Tag Archive | New Forest

Mother and Foal

Mother and Foal by webmink
Mother and Foal, a photo by webmink on Flickr.

We’re not too far from two newly-created national parks in the UK. One, to the north of us, is South Downs National Park, and the other is New Forest National Park to the west.

As “new” goes, it’s only new on the scale of the history of the British Isles. It was set aside as a royal hunting forest by King William I in 1079. One of its features is free-roaming horses, such as the ones you see above.

Tall Trees

Tall Trees by Webminkette
Tall Trees, a photo by Webminkette on Flickr.

Those who know me, know I love trees! I loved them as a child, I re-fell in love with them when we first visited Australia’s rainforests (where they seem to grow so high) and where rides through the canopy gave me a tantalizing glimpse into another world. In America we have visited some special groves – to celebrate both height and girth of trees – including those made up of Redwoods.

Today’s picture is of a less exotic variety, taken locally at Exbury (whilst we were mainly admiring the azaleas.) Nevertheless, these beautiful trees still appeared majestic and I could not resist standing below them and snapping the fascinating view when looking up at the pale sky from underneath their boughs.

Exbury Colour Explosion

Exbury 9.5.'09 by Webminkette
Exbury 9.5.’09, a photo by Webminkette on Flickr.

This photo is closer to home, just a drive through the New Forest for us. Stunning azaleas and rhododendrons fill the grounds of Exbury House with a profusion of colour that dazzle the senses. The garden is lovely all year round, but when this collection of exotic blooms are in flower then the walks become spectacular. So many colours and shades, in vast quantities – yet each individual flower perfect, fill visitors with awe and wonder.

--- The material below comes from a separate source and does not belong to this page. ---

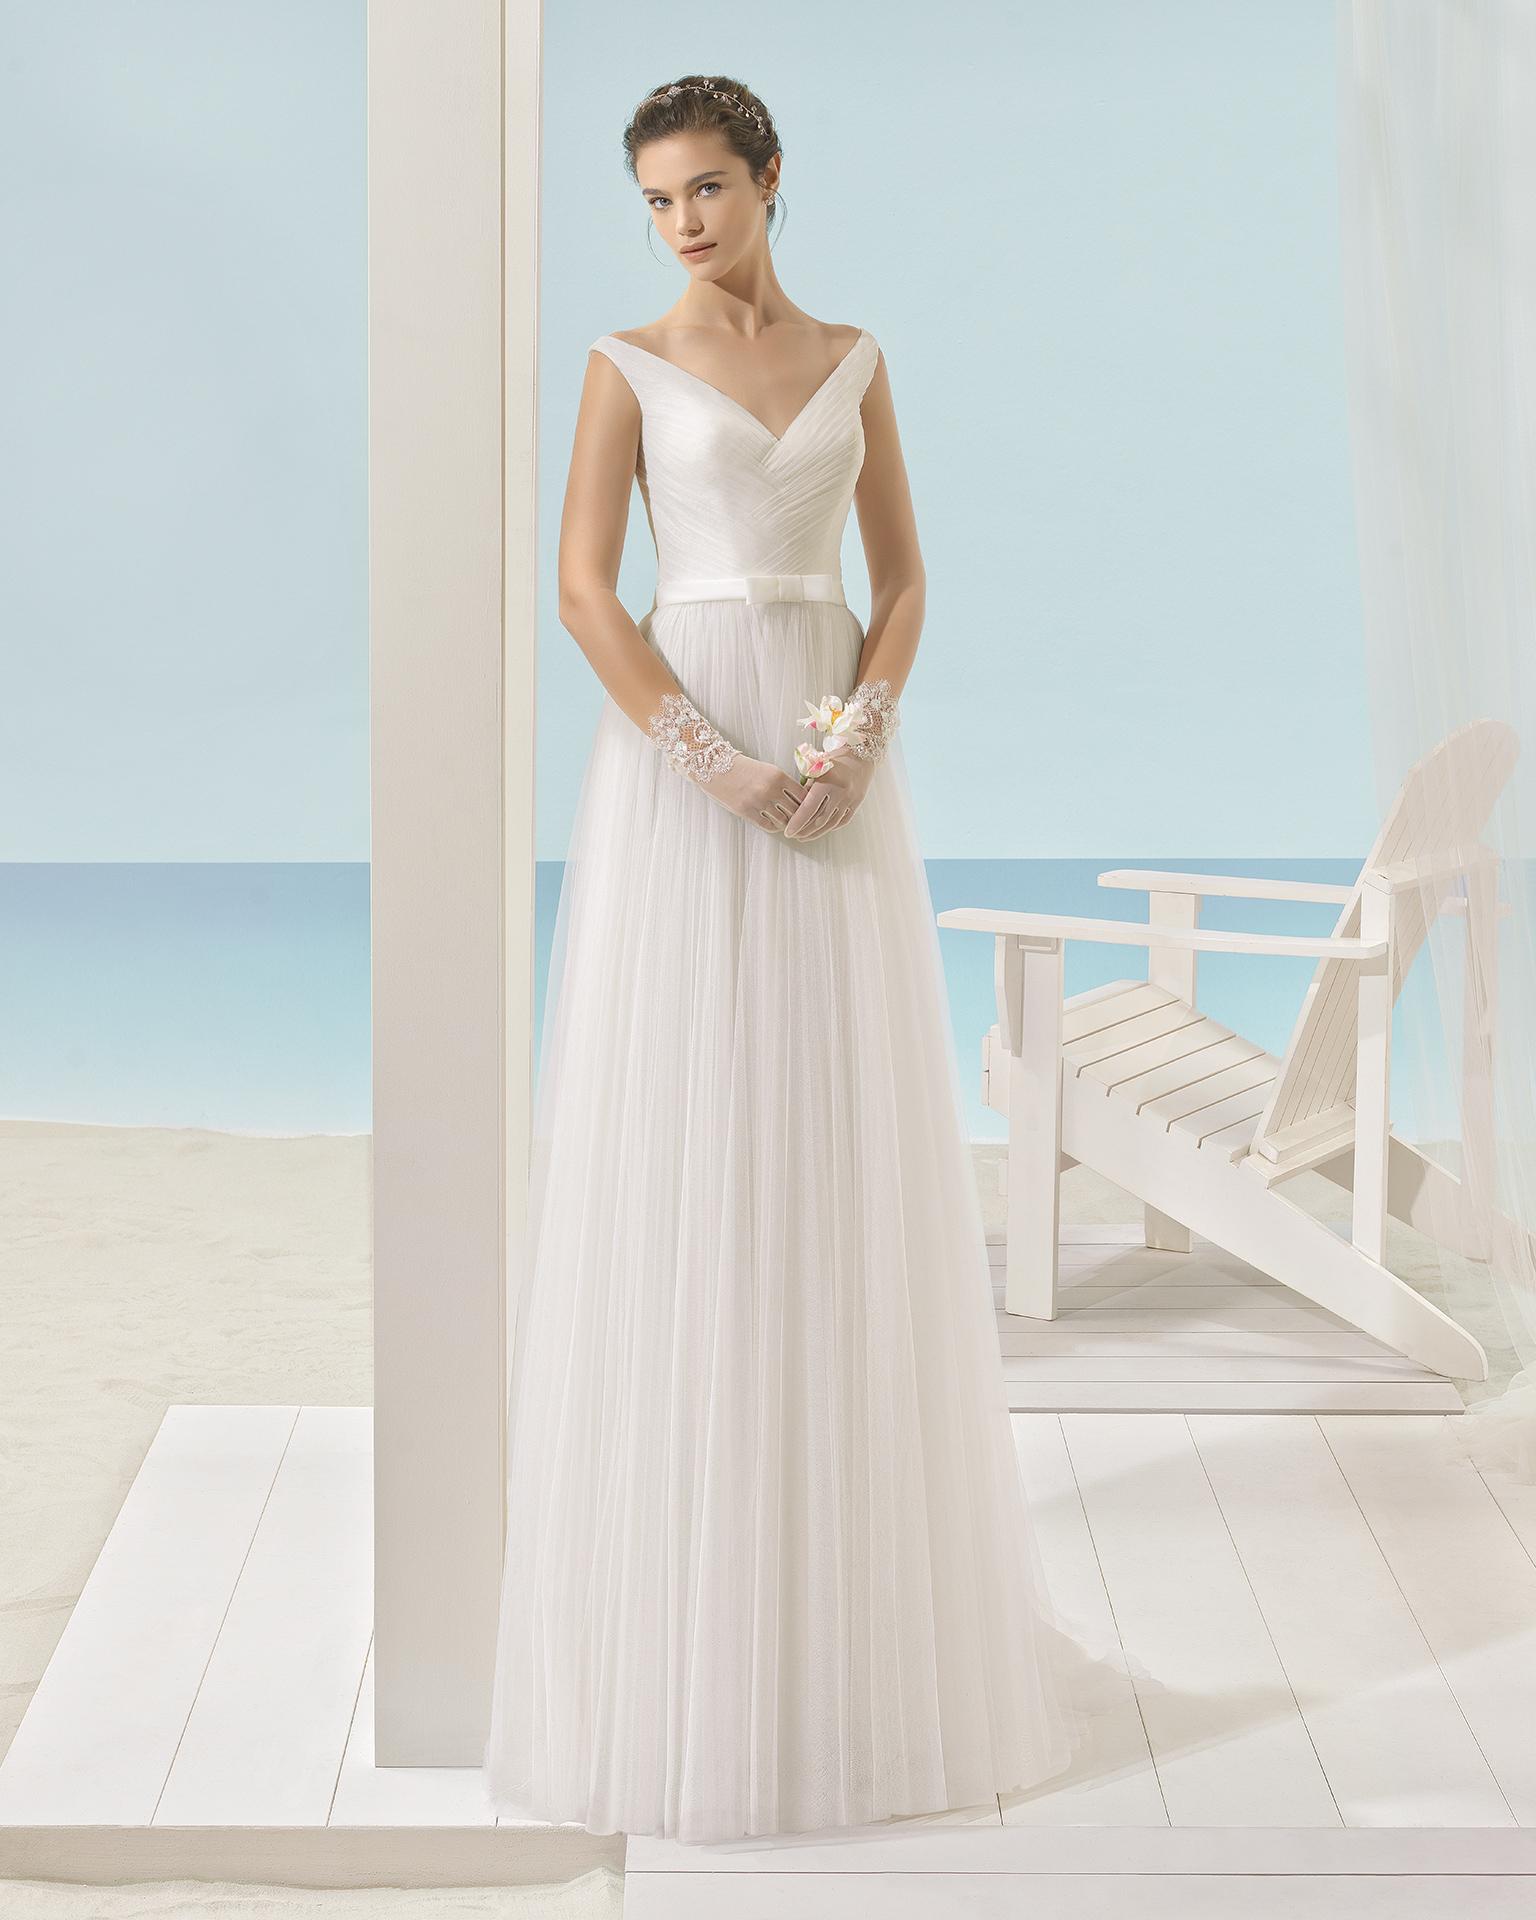 XENOR vestido de noiva Aire Barcelona Beach Wedding 2017

Each time we visit, we try to capture some of the splendour of our surroundings on film (digital) but photos can never do this experience justice. Despite hundreds of images of the place, stored on our computers, inevitably our efforts fall far short of portraying the joy of being there. I thoroughly recommend you visit when these shrubs are at their breathtaking best, in the late spring, and take the opportunity to enjoy nature at its most arresting. I am always amazed, and my soul sings, to see such beauty; I am reminded, yet again, of how glorious our world is.